Grande partecipazione all’incontro promosso da Confagricoltura Alessandria sulle principali novità previste dalla legge di bilancio per il comparto agricolo, svoltosi il 4 febbraio a Palazzo Monferrato.

Dopo l’introduzione della presidente di Confagricoltura Alessandria, Paola Sacco, e del responsabile del settore Fiscale, Marco Ottone, è toccato ad Alessandra Caputo, commercialista, e a Nicola Caputo, direttore nazionale dell’Area Politiche Fiscali di Confagricoltura, entrare nel merito degli argomenti.

Con Alessandra Caputo sono state analizzate le novità legislative che riguardano le imprese e le persone fisiche operanti in ambito agricolo: in particolare la riproposizione della cosiddetta 4.0 che, seppur con una dotazione finanziaria esigua per soddisfare le esigenze tecnologiche del settore, consente di ottenere un credito d’imposta sugli investimenti e la proroga per l’anno 2026 della parziale esenzione dei redditi fondiari dalla tassazione Irpef.

Il legislatore traccia invece una strada ben definita in tema di agroenergie, tecniche colturali innovative e cessioni dei crediti di carbonio, come ha spiegato Nicola Caputo.

Quello delle agroenergie è un settore in continua evoluzione e le norme fissano criteri che via via cambiano più o meno in modo incisivo. L’orientamento generale del legislatore è quello di consentire la produzione di energia preservando però l’attività agricola. Si parla quindi non più di semplice fotovoltaico, ma di agrivoltaico avanzato, con l’installazione di pannelli solari ad un’altezza tale da consentire anche la coltivazione o comunque lo svolgimento dell’attività agricola sul terreno.”

L’altro asset delle agroenergie è il biometano, ossia la produzione di energia attraverso impianti che utilizzano, tra l’altro, scarti aziendali e reflui. Le normative spingono verso questi sistemi, creando però criticità per chi ha già realizzato impianti a biogas, per i quali i meccanismi di incentivo stanno cambiando. Cerchiamo di capire se ci saranno soluzioni che consentano una trasformazione economicamente sostenibile per le aziende che hanno già effettuato importanti investimenti e che ora si trovano di fronte a un cambiamento delle regole”, ha spiegato Caputo.
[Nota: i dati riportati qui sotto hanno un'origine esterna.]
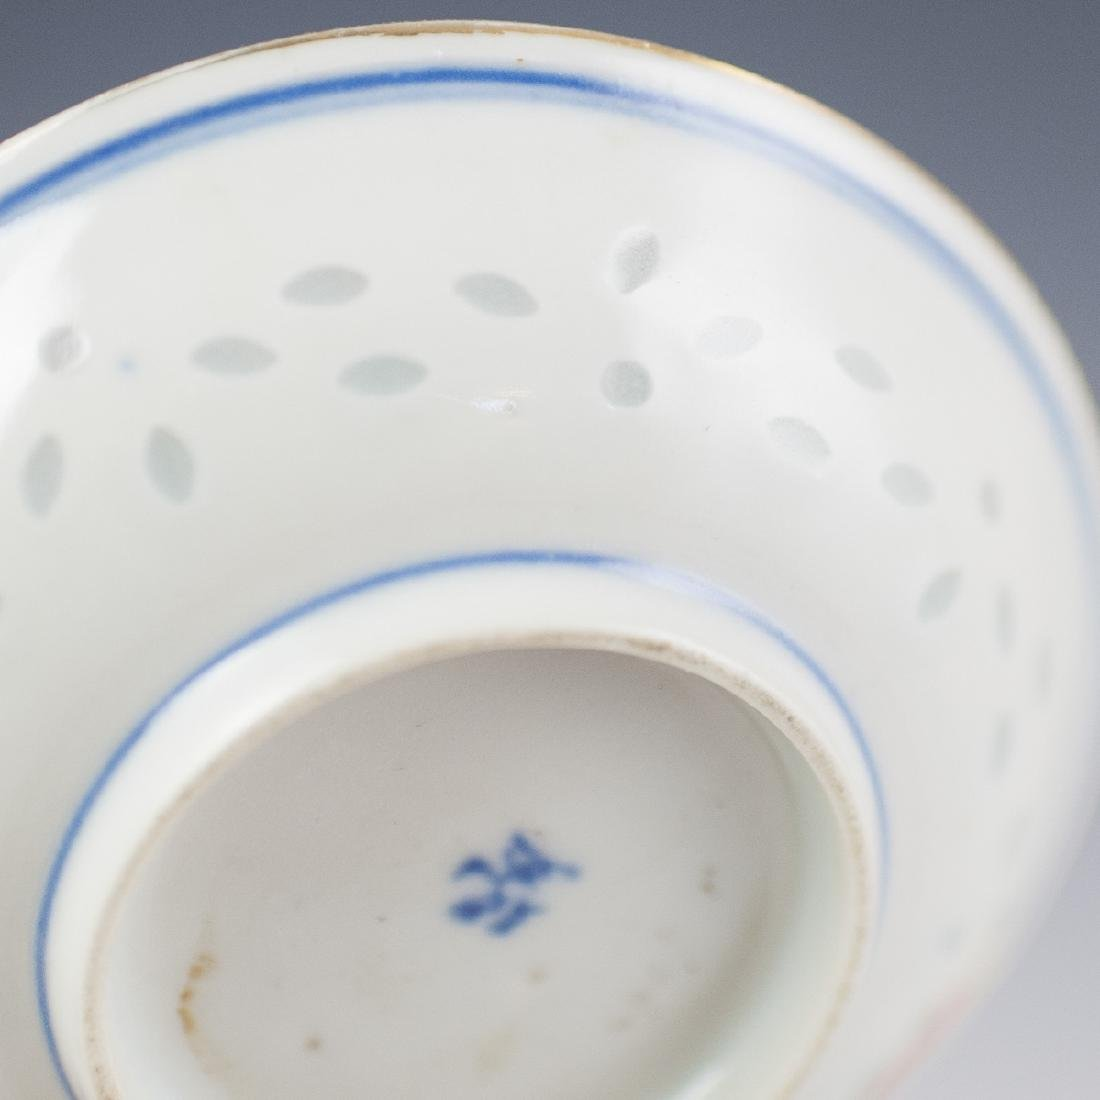 Chinese Porcelain De Riz Ware Demitasse Set - 6
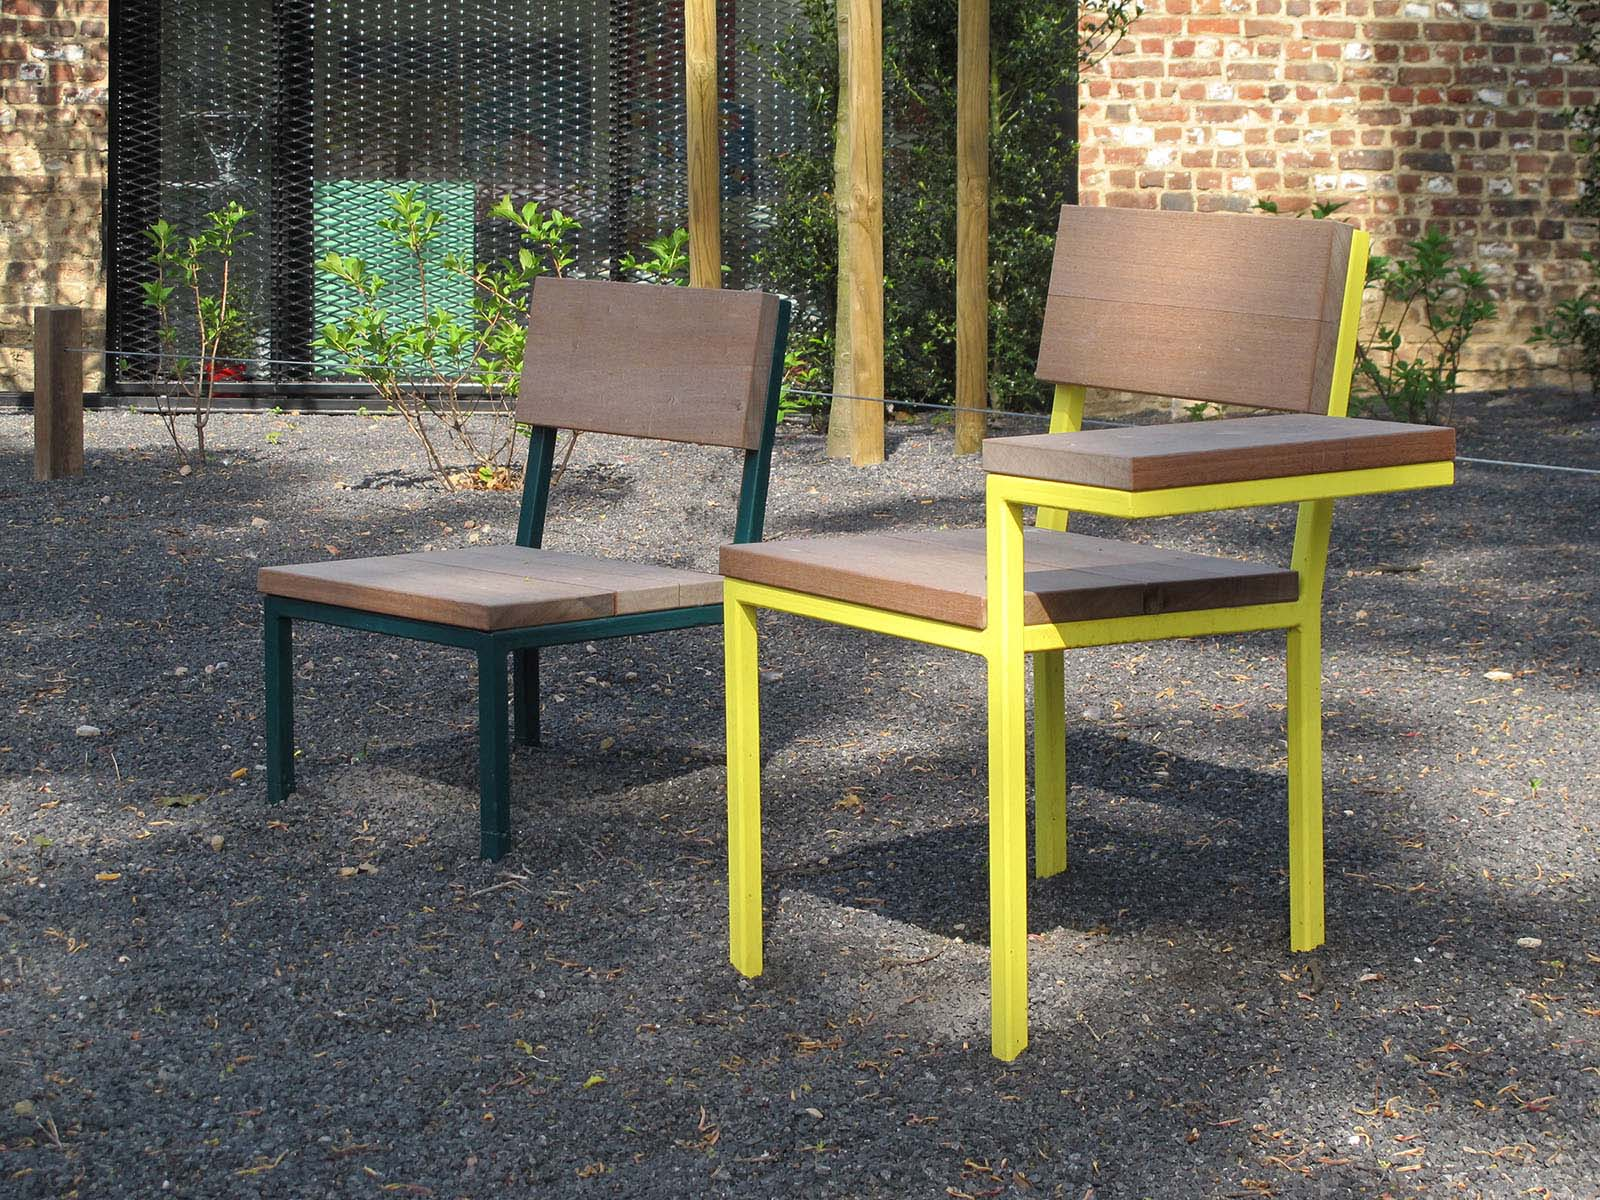 mobilier urbain_myplace_Molenbeek- Lucile Soufflet_4

Una novità, invece, “da seguire con grande attenzione” riguarda le reti di imprese, che consentono alle aziende di creare aggregazioni e collaborazioni finalizzate ad accrescere competitività e capacità innovativa, usufruendo del regime di tassazione agricola.

Un’ulteriore evoluzione introdotta dal legislatore è il riconoscimento come attività agricola dell’utilizzo di tecniche colturali innovative, come ad esempio le coltivazioni in ambienti chiusi: è il caso delle colture idroponiche e dell’agricoltura verticale.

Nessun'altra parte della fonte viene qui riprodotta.